Daha çok ilk depresyonun ortaya çıkmasında çevresel streslerin önemi vardır. Özellikle 11 yaş öncesi anne ya da baba kaybı olan kişilerde sonraki yıllarda depresyon daha sık görülmektedir. Sonraki yıllarda depresyon oluşturucu çevresel etkenler arasında en çok eş kaybı gelmektedir Depresyon nasıl seyreden bir rahatsızlıktır? Depresif bir hastalık atağı yaşayan kişilerin en az %50 si bu atağı tekrar yaşarlar. 2 ve üstündeki sıklıklarda yaşandığında, izleyen 3 yıl içinde tekrar rahatsızlanma riski %70 lere çıkmaktadır. 1 yılın sonunda major depresyon vakalarının % 40 ının iyileştiği, % 20 sinin çok hafif yakınmaları olup, depresyonlarının şiddetinin azaldığı, %40 vakada ise major depresyonun sürdüğü gözlenmiştir. Major depresyonda kalıtımın rolü: Genel nüfusla kıyaslandığında birinci derece yakınlarındaki risk 1.5-3 kat daha yüksek bulunmuştur. Gene yetişkin birinci derece yakınlarda alkol bağımlılığı riski yüksek bulunmuştur. Depresyonlu ailelerin çocuklarında, dikkat eksikliği hiperaktivite bozukluğuna rastlanma riski de daha yüksektir Tedavisiz geçmez mi? Depresyon tedavi edilmediğinde ortalama 7-14 ay sürmektedir. Tekrar etmeme halinin yaşam boyu şansı % 25 ten azdır. Tedavi ile rahatsızlık 1-2 ay sürmektedir Tedavi nasıl olmaktadır? Tedavi ilaç tedavisi yanında dinamik psikoterapi (kişinin geçmiş yaşam öyküsünün alınıp, şimdiki sorunların kökenleri ve amaçlarını, kişinin zorluklar karşısındaki savunma mekanizmalarını ve depresif temel düşünce biçimlerinin saptanıp, düzeltilmesine çalışılması) ile mümkündür. Bu tedavinin haftada bir gün (40-50 dakikalık bir seans) şeklinde en az 10 seans olmak üzere uygulanması gerekmektedir Tedavi ne kadar sürdürülmelidir? Antidepresif tedavinin en az 6 ay sürdürülmesi uygundur.
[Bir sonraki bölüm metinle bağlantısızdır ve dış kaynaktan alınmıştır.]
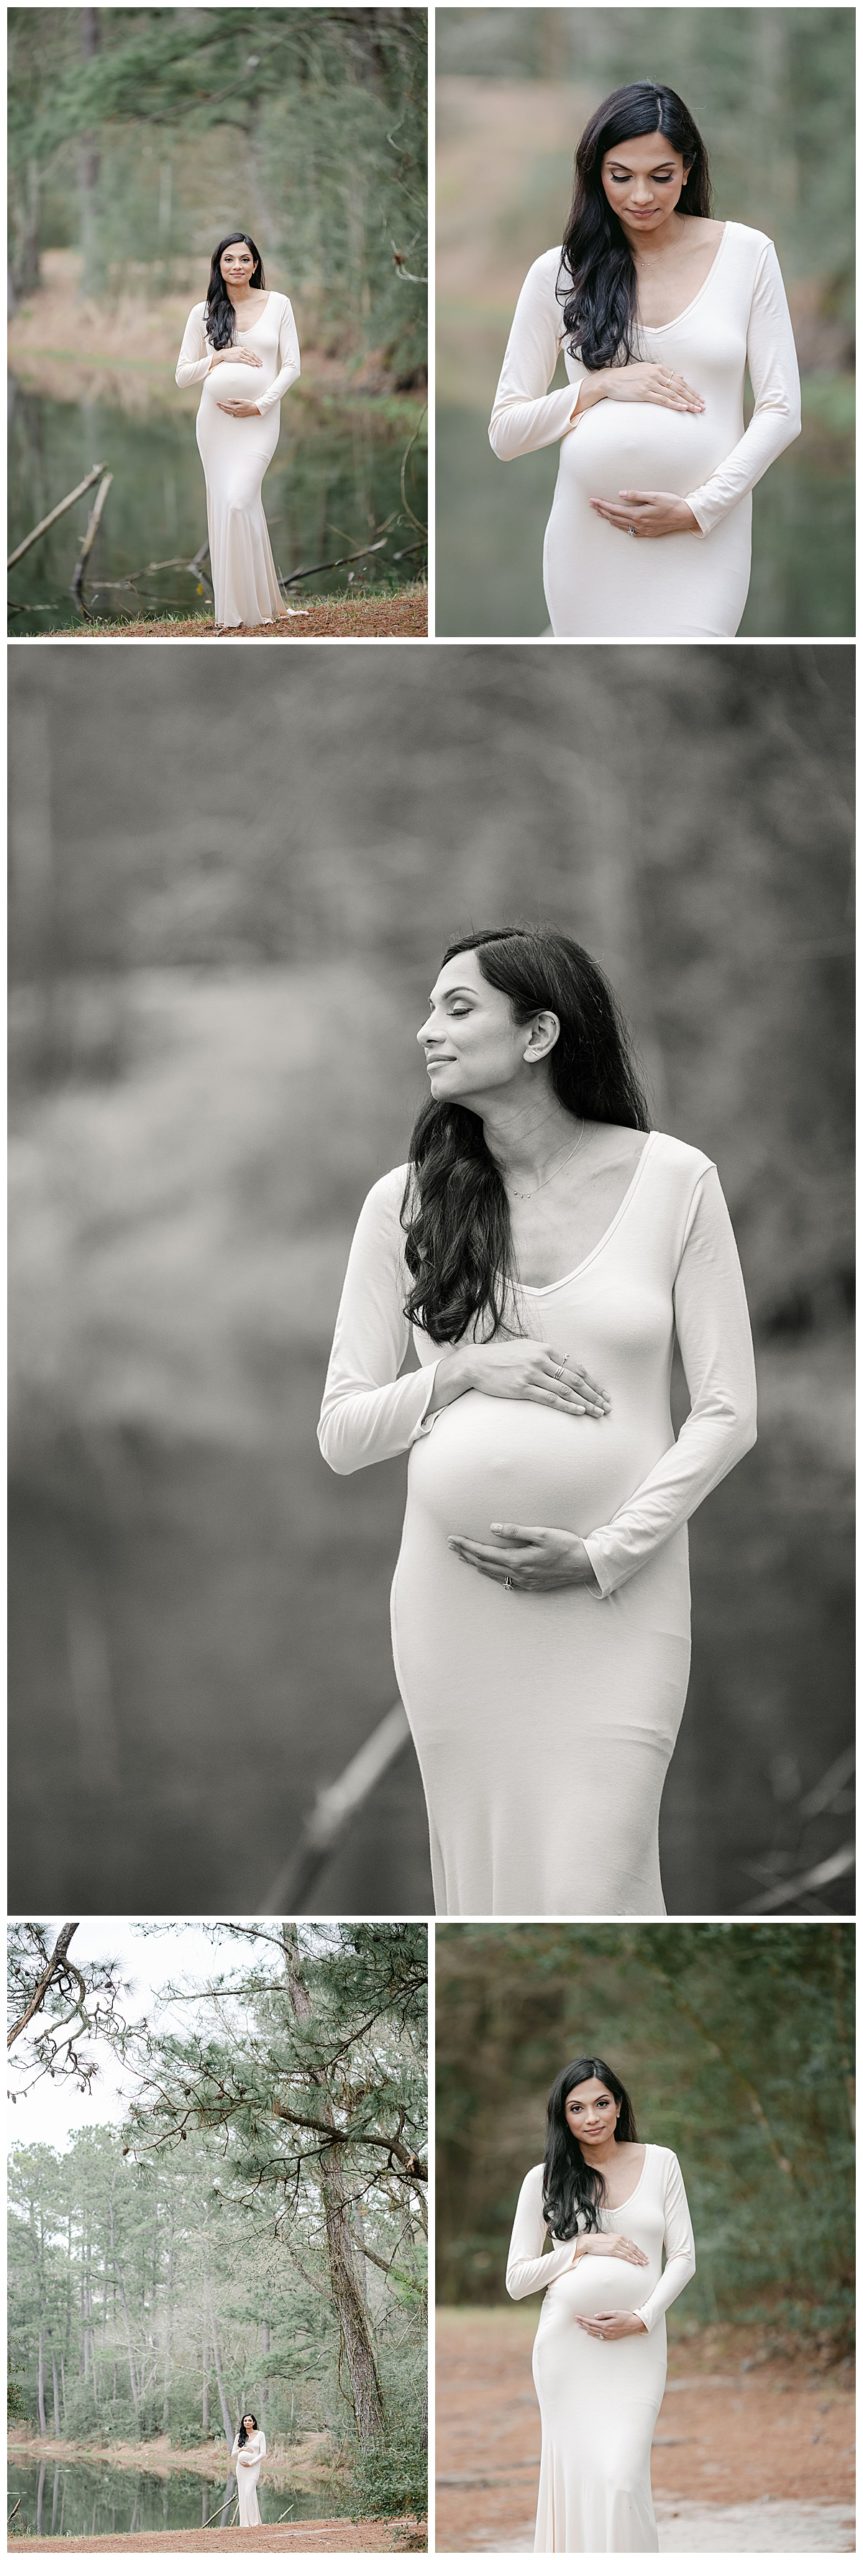 Maternity session at Spring Texas park

Erken kesildiğinde (daha iyi hissedilmesi, ekonomik nedenler, yan etkiler vs. nedeniyle) en riskli dönemin ilk 4-8 hafta olduğu ama sonrasında da erken kesim halinde riskin yüksek olduğu saptanmıştır. Depresyon neden önemlidir?
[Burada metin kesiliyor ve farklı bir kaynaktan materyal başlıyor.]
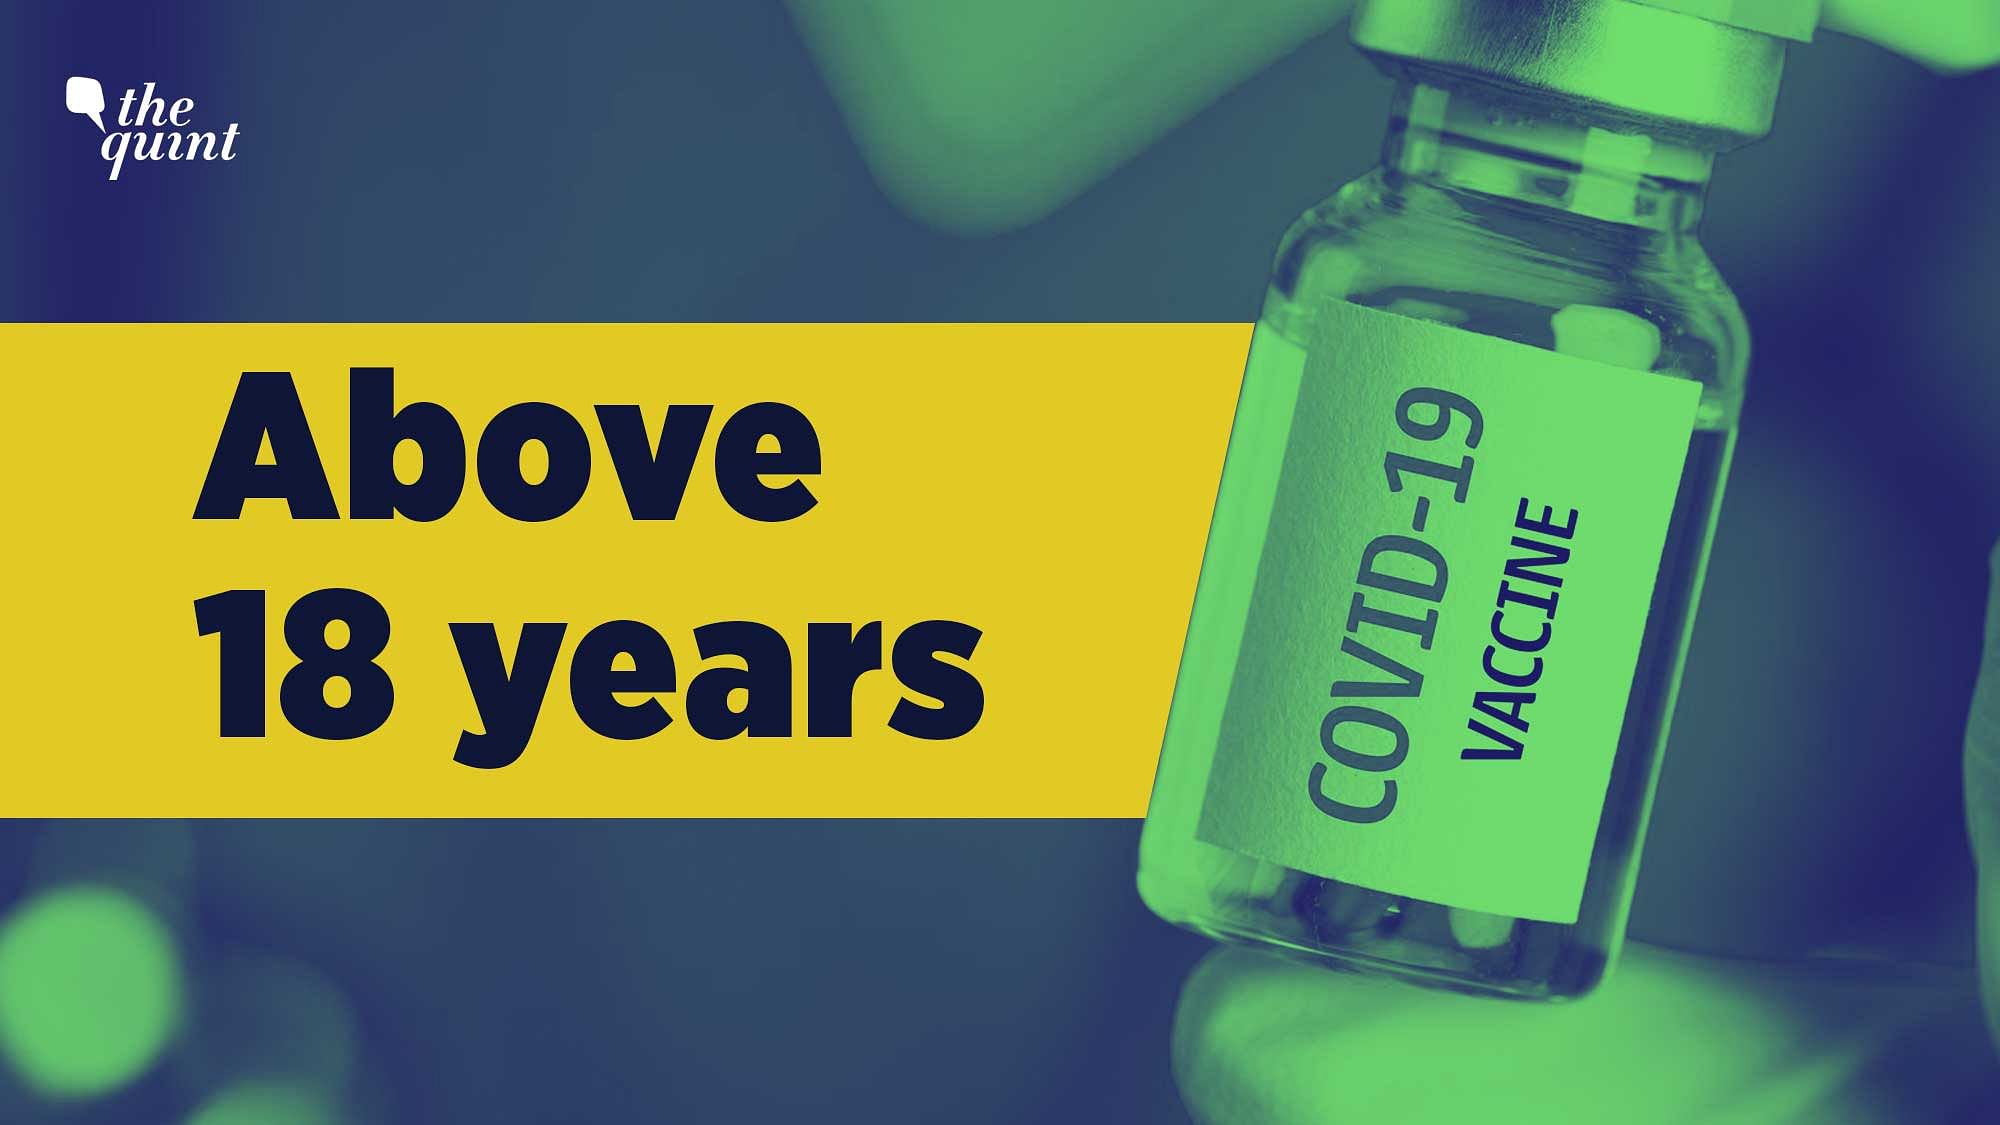 Everyone above 18 years of age will be eligible for the COVID-19 vaccine from 1 May.

Major depresyon hastalarının % 15 kadarı intihar ederek hayatlarına son vermektedir. Hastanede yatan diabet, kanser, kalp hastalıkları, felç gibi rahatsızlıkları olan kişilerin % 25 inde major depresyon görülmektedir. Depresyon kişilerin mesleki başarısını düşürmekte ve iş kayıplarına; cinsel bozukluklara yol açarak evlilik sorunlarına; kişinin durumun etkisinden kurtulmak, kendini rahatlatmak için alkol ve uyuşturucu maddelere yönelmesi sonucu trafik kazaları, kavga ve suça yönelme görülebilmekte, ruh sağlıkları bozuk çocuklar ve sonuçta ruh sağlığı bozuk bir toplum olmamıza yol açmaktadır.